Inductive Biases in CNNs

The following are the primary inductive biases that largely define how CNNs function:

Local connectivity In CNNs, each unit in a hidden layer is connected to only a subset of neurons in the previous layer. We can justify this restriction by assuming that neighboring pixels are more relevant to each other than pixels that are farther apart. As an intuitive example, consider how this assumption applies to the context of recognizing edges or contours in an image.

Weight sharing Via the convolutional layers, we use the same small set of weights (the kernels or filters) throughout the whole image. This reflects the assumption that the same filters are useful for detecting the same patterns in different parts of the image.

Hierarchical processing CNNs consist of multiple convolutional layers to extract features from the input image. As the network progresses from the input to the output layers, low-level features are successively combined to form increasingly complex features, ultimately leading to the recognition of more complex objects and shapes. Furthermore, the convolutional filters in these layers learn to detect specific patterns and features at different levels of abstraction.

Spatial invariance CNNs exhibit the mathematical property of spatial invariance, meaning the output of a model remains consistent even if the input signal is shifted to a different location within the spatial domain. This characteristic arises from the combination of local connectivity, weight sharing, and the hierarchical architecture mentioned earlier.

The combination of local connectivity, weight sharing, and hierarchical processing in a CNN leads to spatial invariance, allowing the model to recognize the same pattern or feature regardless of its location in the input image.

Translation invariance is a specific case of spatial invariance in which the output remains the same after a shift or translation of the input signal in the spatial domain. In this context, the emphasis is solely on moving an object to a different location within an image without any rotations or alterations of its other attributes.

In reality, convolutional layers and networks are not truly translation-invariant; rather, they achieve a certain level of translation equivariance. What is the difference between translation invariance and equivariance? Translation invariance means that the output does not change with an input shift, while translation equivariance implies that the output shifts with the input in a corresponding manner. In other words, if we shift the input object to the right, the results will correspondingly shift to the right, as illustrated in Figure 1.1.

Ch13 Fig01
Equivariance under different image translations

As Figure 1.1 shows, under translation invariance, we get the same output pattern regardless of the order in which we apply the operations: transformation followed by translation or translation followed by transformation.
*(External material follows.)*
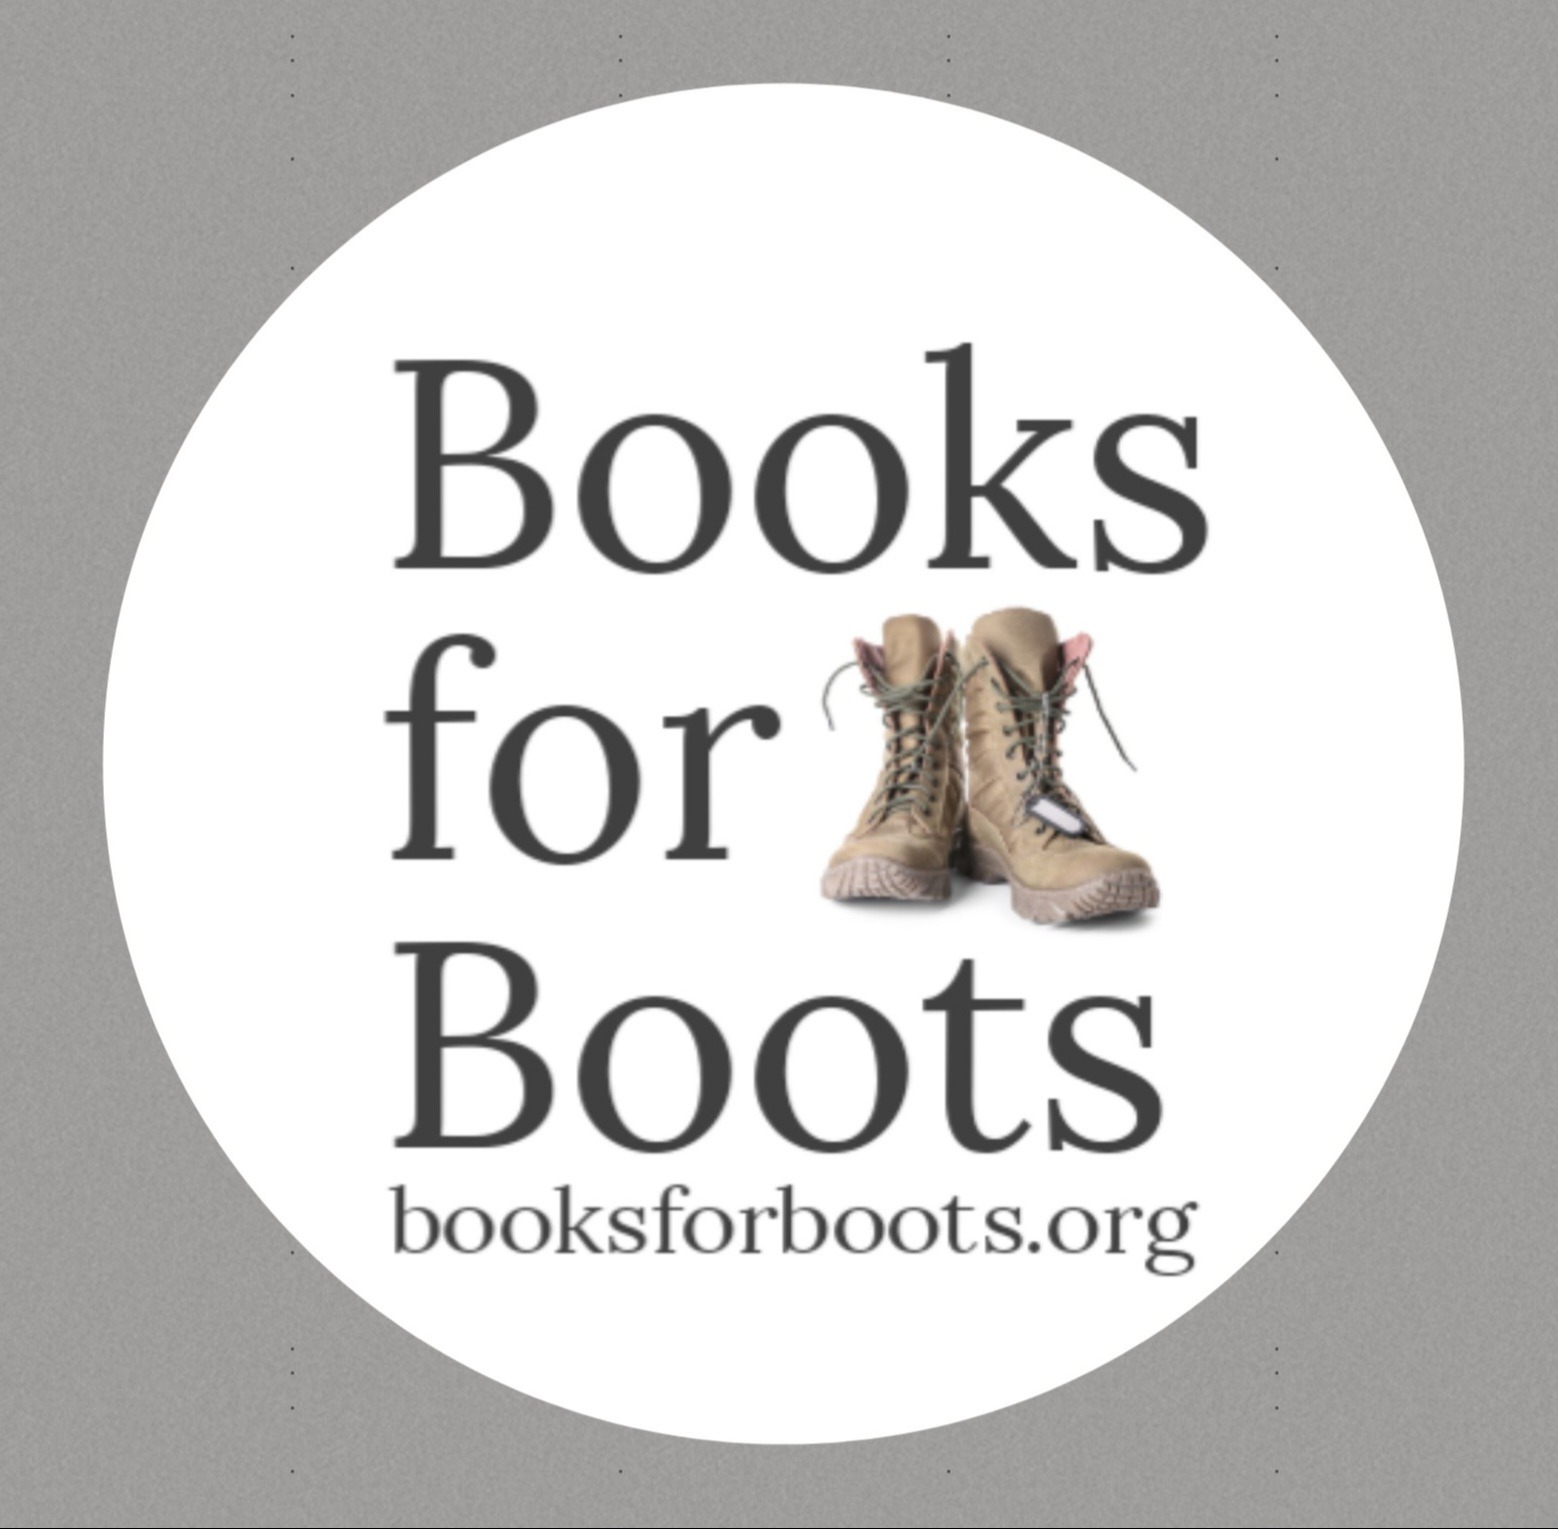 Books for Boots logo

As mentioned earlier, CNNs achieve translation equivariance through a combination of their local connectivity, weight sharing, and hierarchical processing properties. Figure 1.2 depicts a convolutional operation to illustrate the local connectivity and weight-sharing priors. This figure demonstrates the concept of translation equivariance in CNNs, in which a convolutional filter captures the input signal (the two dark blocks) irrespective of where it is located in the input.

Ch13 Fig02
Convolutional filters and translation equivariance

Figure 1.2 shows a \(3 \times 3\) input image that consists of two nonzero pixel values in the upper-left corner (top portion of the figure) or upper-right corner (bottom portion of the figure). If we apply a \(2 \times 2\) convolutional filter to these two input image scenarios, we can see that the output feature maps contain the same extracted pattern, which is on either the left (top of the figure) or the right (bottom of the figure), demonstrating the translation equivariance of the convolutional operation.

For comparison, a fully connected network such as a multilayer perceptron lacks this spatial invariance or equivariance. To illustrate this point, picture a multilayer perceptron with one hidden layer. Each pixel in the input image is connected with each value in the resulting output. If we shift the input by one or more pixels, a different set of weights will be activated, as illustrated in Figure 1.3.

Ch13 Fig03
Location-specific weights in fully
connected layers

Like fully connected networks, ViT architecture (and transformer architecture in general) lacks the inductive bias for spatial invariance or equi-  variance. For instance, the model produces different outputs if we place the same object in two different spatial locations within an image. This is not ideal, as the semantic meaning of an object (the concept that an object represents or conveys) remains the same based on its location. Consequently, it must learn these invariances directly from the data. To facilitate learning useful patterns present in CNNs requires pretraining over a larger dataset.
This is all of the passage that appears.